Paul, here is my latest beam engine i finished this in December. i got the plans from Elmers engines, the parts are quite tiny and it took 3 attempts to make the cylinder as the drillings kept going out of true, i had to increase the valve drilling to keep it straight. it was also the first time i made a flywheel from solid stock, i marked it out after turning it to size then drilled and filed it for the spokes.
Doug.


----------



## steamdoug (Jan 29, 2013)

Paul, I completed a Stuart 10v that I got for Christmas I made a bracket from Ali angle to mount the body to a lathe plate. Fortunately the instructions for making the engine were based on the same lathe that I have. But I did use my milling machine for some of the work. When you mount the cylinder for machining make sure you centre the casting equally in the bracket. I set mine up on the bore and the casting was out of centre I only realised this when I came to turn the flange on the end of the main casting and the cylinder was out by 1mm. I had to machine the main casting flange slightly off centre to compensate and to make everything run true.
Doug.


----------



## Tin Falcon (Jan 29, 2013)

Doug: An introduction would  really be helpful in this case. you give a good idea of what machines you have . and you want a casting kit but I can only guess at your experience and location .

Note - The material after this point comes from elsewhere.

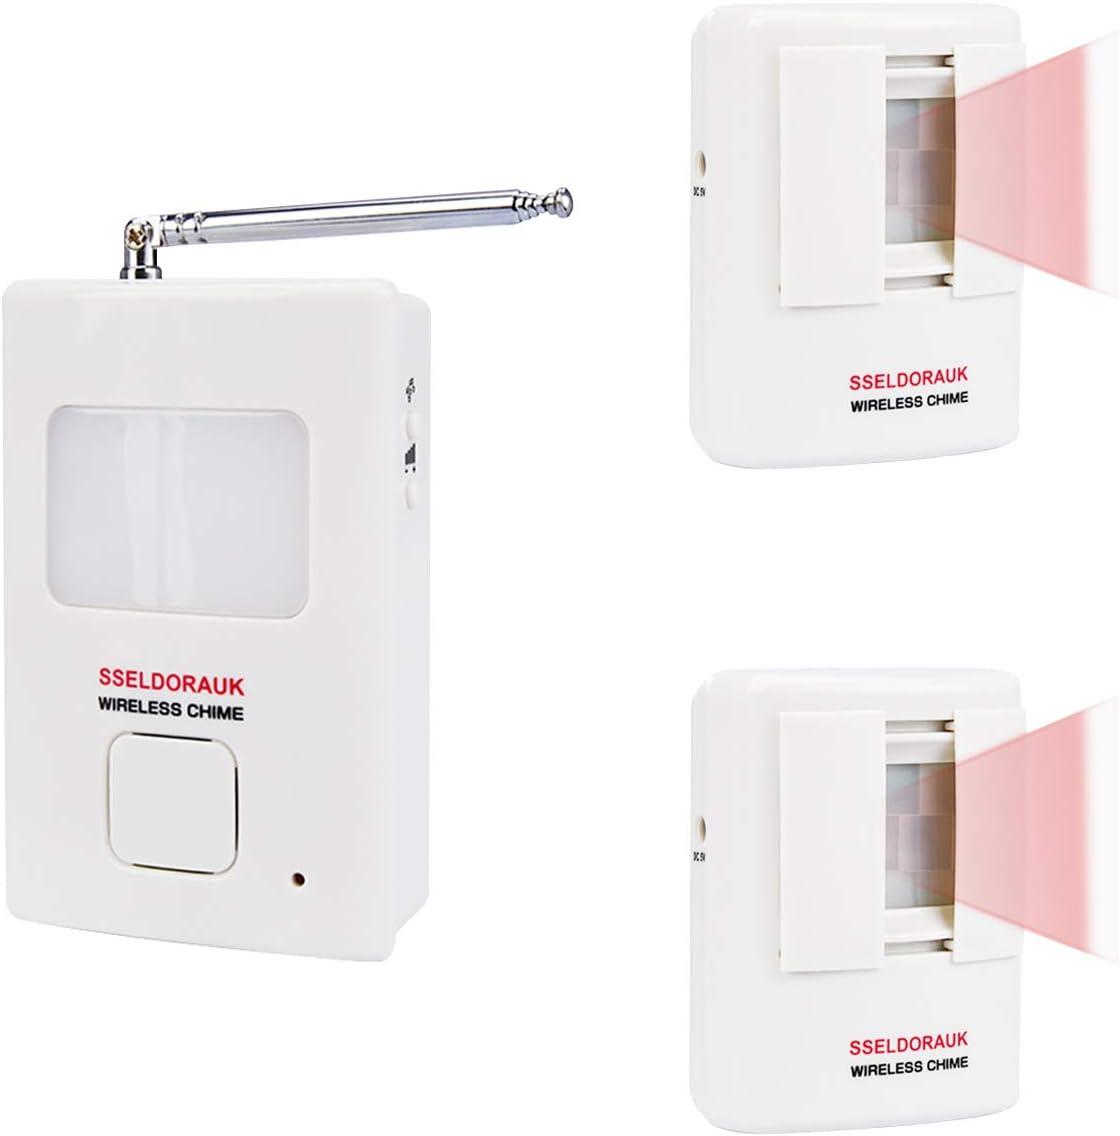 Dog Barking Alarm Motion Detector,Pir Wireless Human Body Walking Sensor Doorbell Door Security Alert System Device for Home or Office Burglar Deterrent (2Sensors + 1Receiver, White)
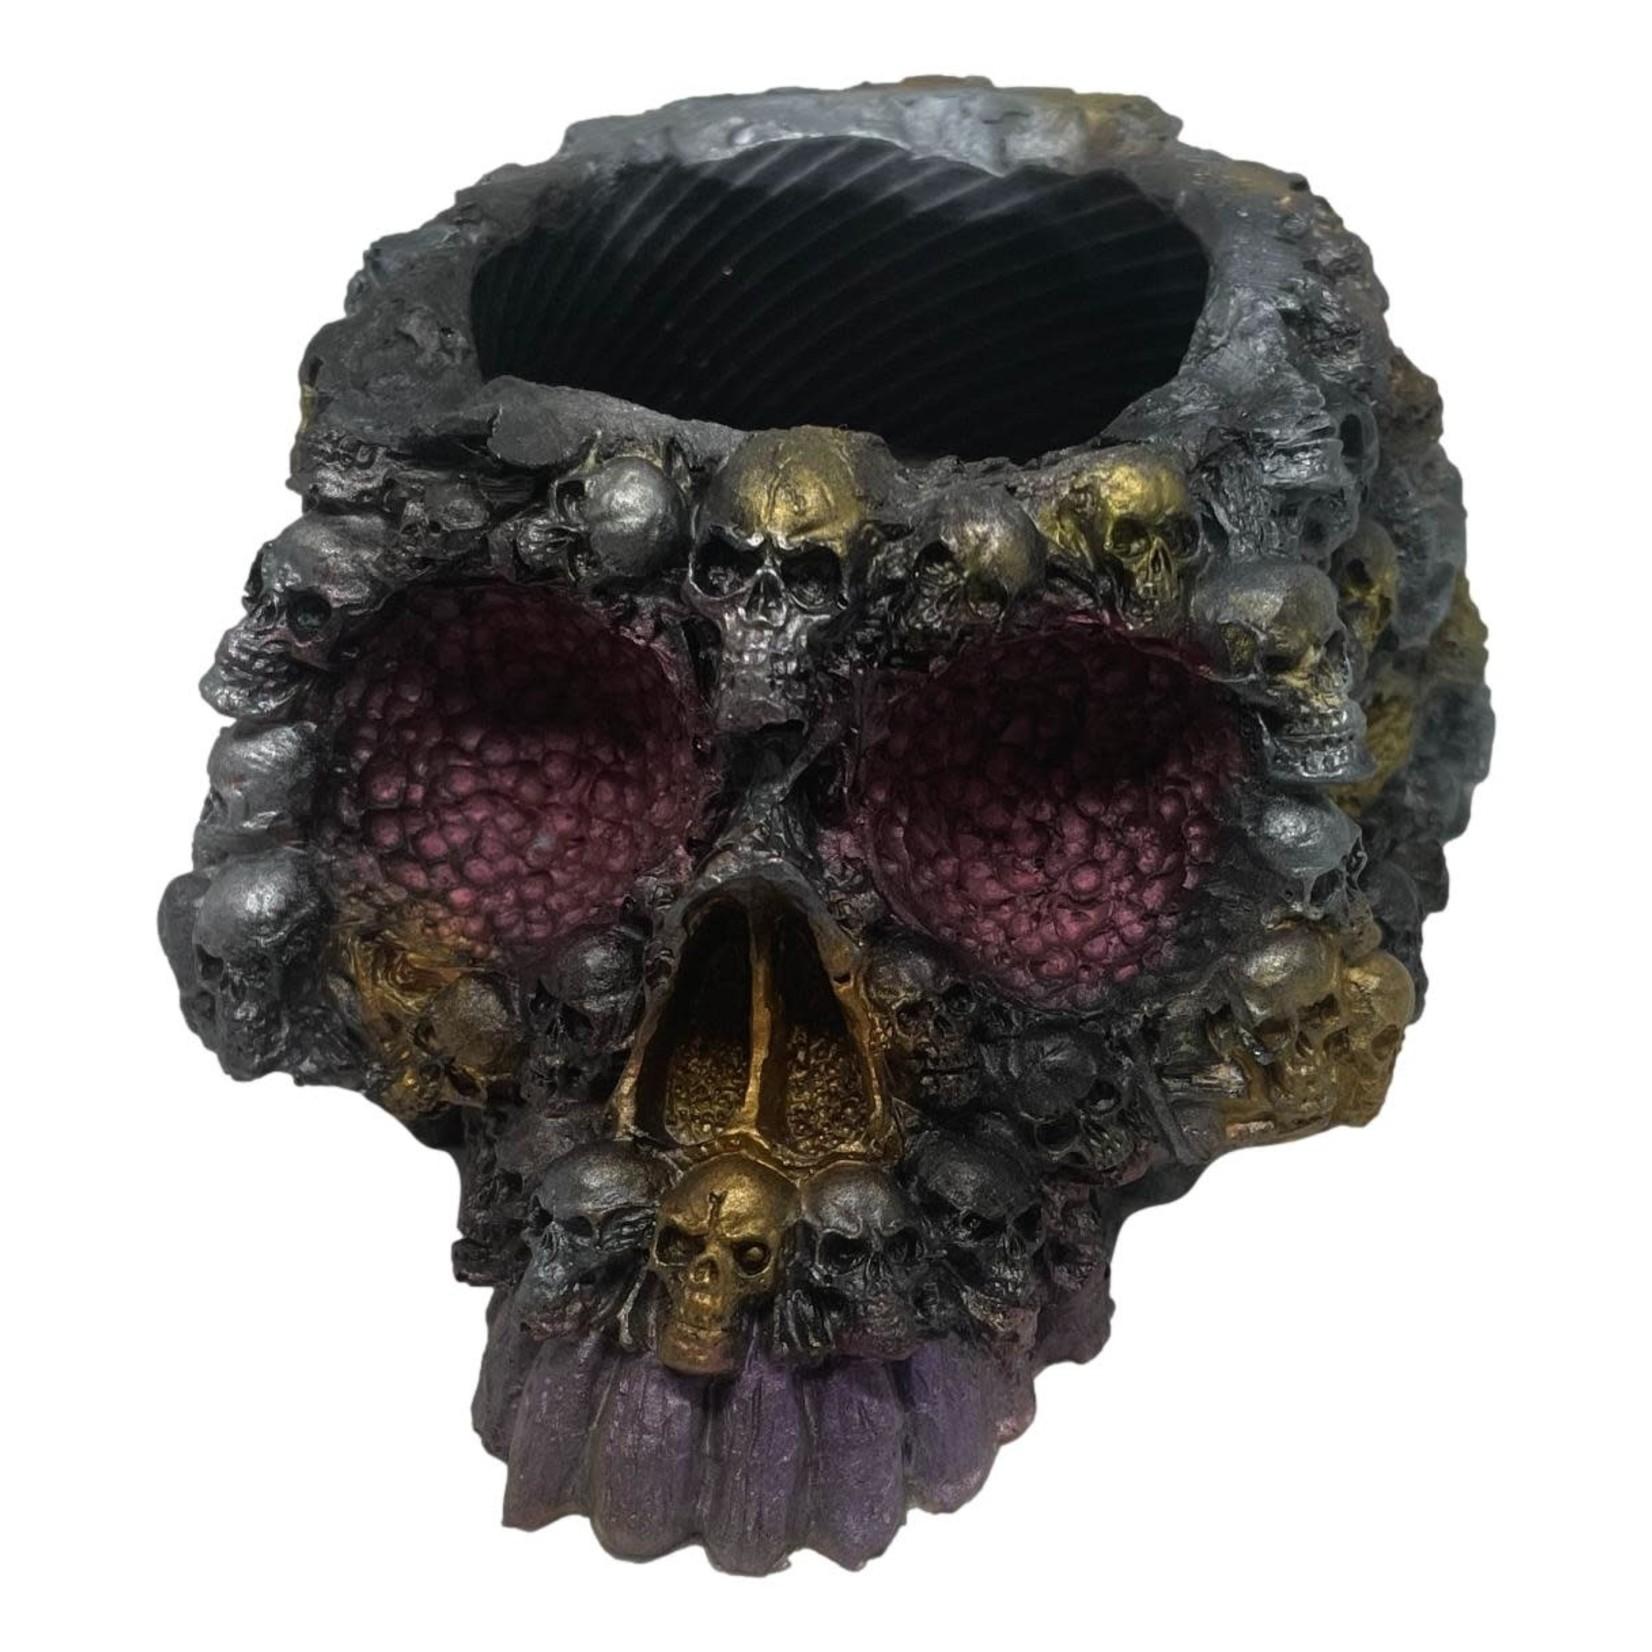 East Coast Sirens Skull Planter in Black, Silver & Gold

In general we recommend a few bar stock engines.,before moving to castings. 

I noticed the mention of the Stuart engines. There is lots of information on machining them and they are sold as beginners engines . My  concern is the availability of spare castings . IIRC  the 10v and 10 H have been discontinued. 

As far as an answer to the question . look into the PM research models in the USA. 

http://www.pmresearchinc.com/store/product.php?productid=3084&cat=4&page=1


http://www.pmresearchinc.com/store/product.php?productid=3087&cat=4&page=1

tin


----------



## rhankey (Jan 29, 2013)

Tin Falcon said:


> I noticed the mention of the Stuart engines. There is lots of information on machining them and they are sold as beginners engines . My  concern is the availability of spare castings . IIRC  the 10v and 10 H have been discontinued.
> 
> tin


 
The Stuart 10H, 10V and D10 are still being sold, and I've not seen nor heard any signs that they are being dropped.  Some of the Stuart models dropped off their website as they ran down inventory levels in preparation to sell the company.  The new owners have added back all the missing models.  The new owners have also replaced barstock crank shafts with cast iron cranks for some of the models.  Hopefully the new owners are improving casting quality which had been degrading in recent years.

the Stuart 10V or 10H would be good candidates for a beginner engine, or their oscilator.


----------



## Tin Falcon (Jan 30, 2013)

OK checked the Stuart site looks like they are available. a while back did not see them on the sight I now see you explanation of why they were not available.
Sorry should have said may not be available or discontinued. 
I have a 10H kit and may want to add a 10v so good to know they are still being made. 
Tin


----------